The notion of Judith's attempt at seducing Holofernes was not something the early Christian Church deemed appropriate. Religious interpretations instead relayed that God enhanced her beauty without interfering with her innocence as a woman, which led to the increased imagery that connected her to the Virgin Mary. In the Middle Ages, Judith was often cast in the same light as the Virgin, comparing their similar triumphs of beheading characters that represented evil—Holofernes and the devil, respectively.

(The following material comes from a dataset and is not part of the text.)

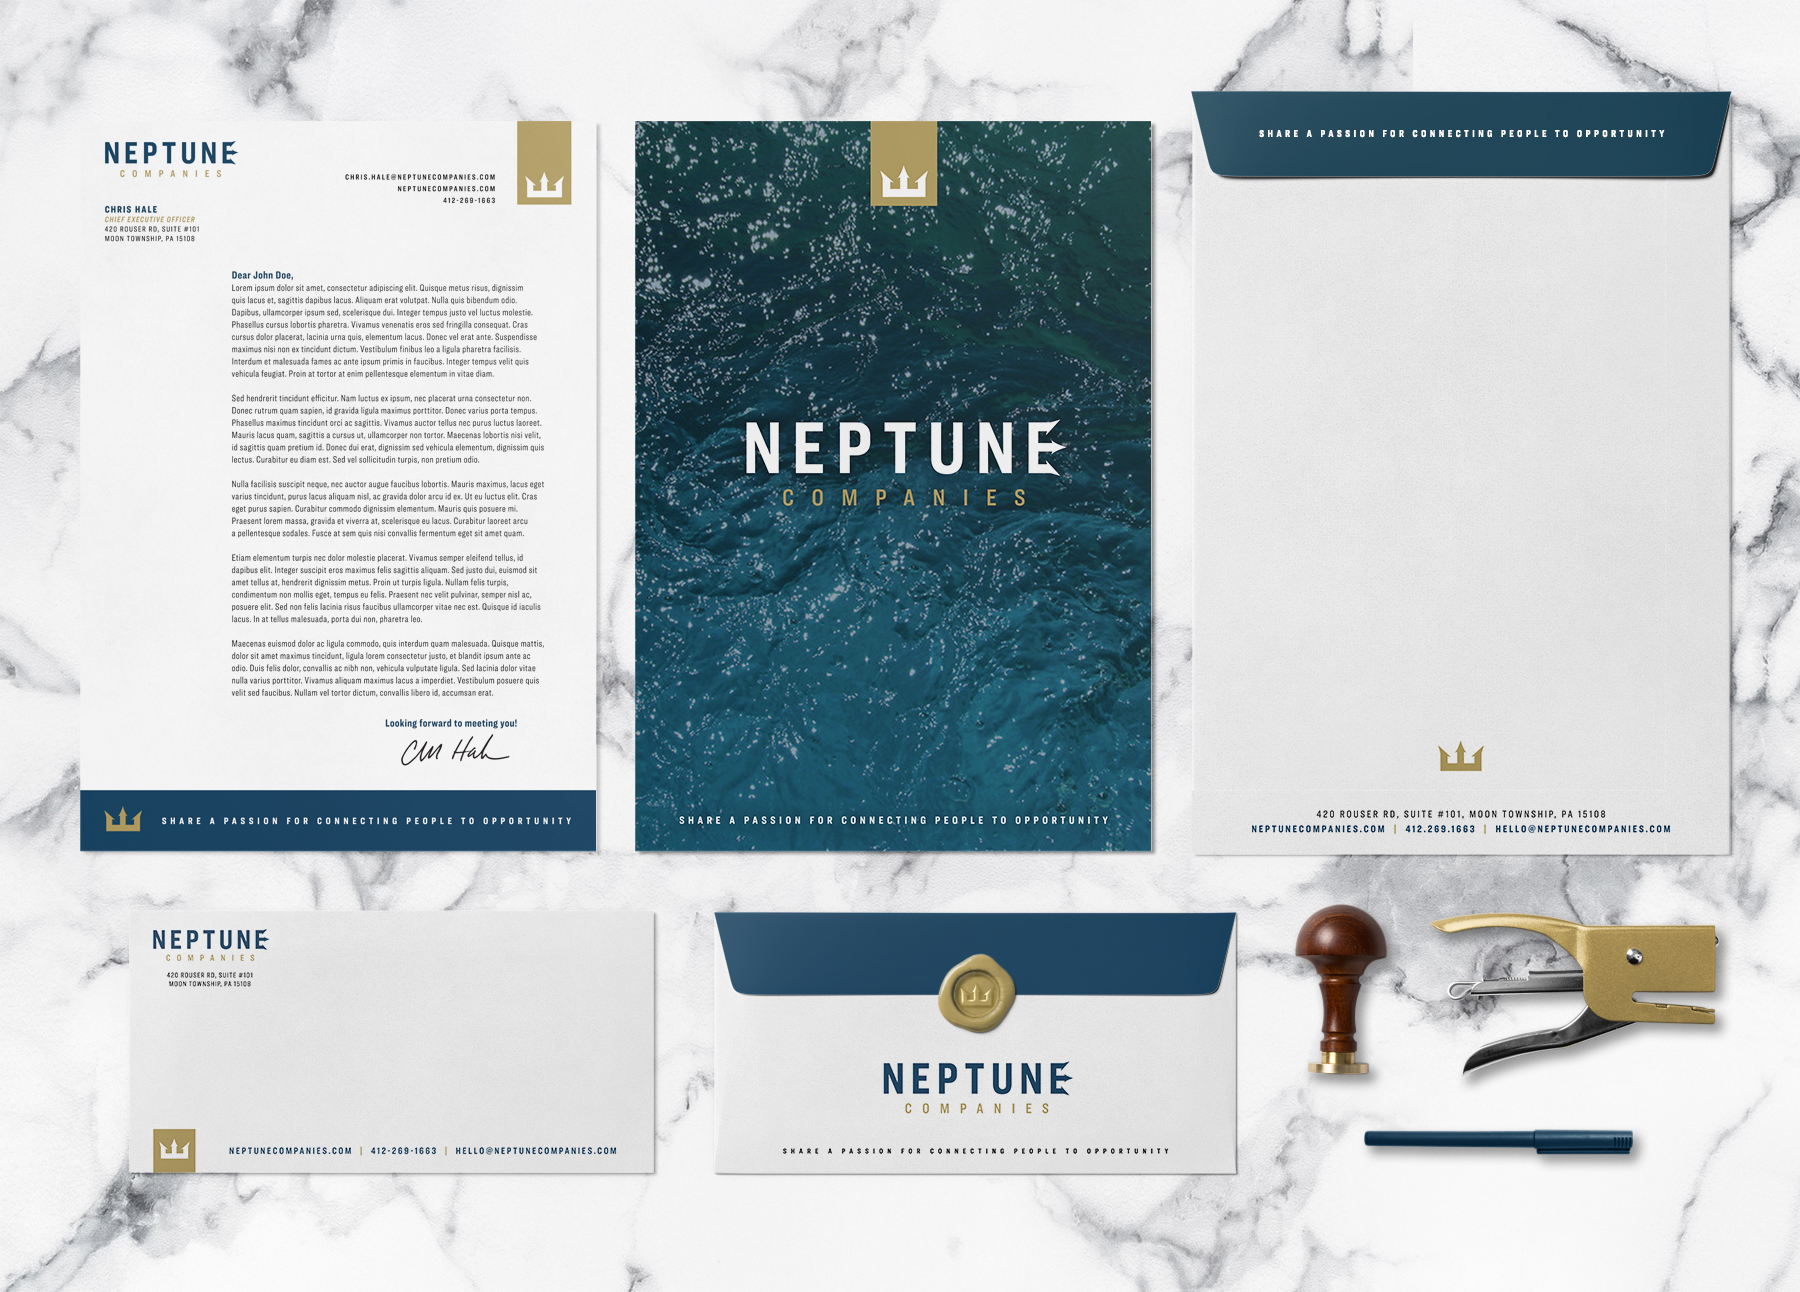 Neptune Companies' Stationary

Steering away from an all-encompassing approach to story-telling, Renaissance art marked the beginning of focusing entirely on the suspenseful moments of Judith's tale, particularly when Holofernes is beheaded. A prime example of this is Michelangelo's pendentive of Judith in the Sistine Chapel. Mythological symbols have been implemented in the decoration of Judith's armor, referencing the female war/hunting figures of Artemis, Athena and the Amazons. Donatello is most well-known for this application, but the tradition is connected to other artists, like Sandro Botticelli, Michelangelo, Andrea Mantegna, Giorgio Vasari, Caravaggio, and Artemisia Gentileschi. It is speculated by art historian Mary Garrard that Judith served as a righteous symbol from which people in the sixteenth and seventeenth centuries looked to in religious and political situations. During the Counter-Reformation, Catholics saw Judith's conquest of Holofernes as their battle and victory over Protestantism, specifically Truth over Heresy.

== Interpretations ==
Women depicted in these biblical times traditionally wore sandals or were barefoot, as opposed to Judith's attire in this painting. Judith, being clad in armor with heavy shoes—typically seen on a warrior or a member of the military—alters the perception of power coming from a source that is usually associated with the sensuous form. Art historians Keith Christiansen and Judith Walker argue that the gauntlet in her hand aims to emphasize the symbolic act of a military champion's defeat and loss of power. This notion is also addressed in regards to Judith, a young widowed woman, being the one to strip Holofernes of his heroic attributes. Holofernes' attraction to Judith, which ultimately leads to a calamitous case of deception and violence, almost mirrors the events of Gentileschi's own life. The symbolic nature and personification of the characters in the biblical story, however, are opposite to the true proceedings of the artist. Art historian E. P. Richardson points out that this painting might serve as somewhat of a self-portrait, as Judith's maidservant possesses physical qualities that match those of Gentileschi, herself. From the analysis of Diane Apostolos-Cappadona, the interpretation of Judith under Artemisia serves as an indicator of the female hero no longer painted in the righteous light of God.

=== Mary Garrard ===
In her book, Artemisia Gentileschi: The Image of the Female Hero in Italian Baroque Art, art historian Mary D. Garrard notes that Gentileschi's depiction of female figures places them in a more heroic lighting. Garrard notes the symbolism that writers have attributed to Judith beheading Holofernes, believing it to be Artemisia's version of retaliation from her personal life. The aftermath of the rape trial involving her father's friend Agostino Tassi, as well as the opinions of those that challenged her virtue, may have influenced her style and content. Having said this, Garrard believes the meaning behind Gentileschi and Judith is much more complex. This inclusion of self-portraiture was common among a wide range of artists, like Titian, Michelangelo, and even Caravaggio.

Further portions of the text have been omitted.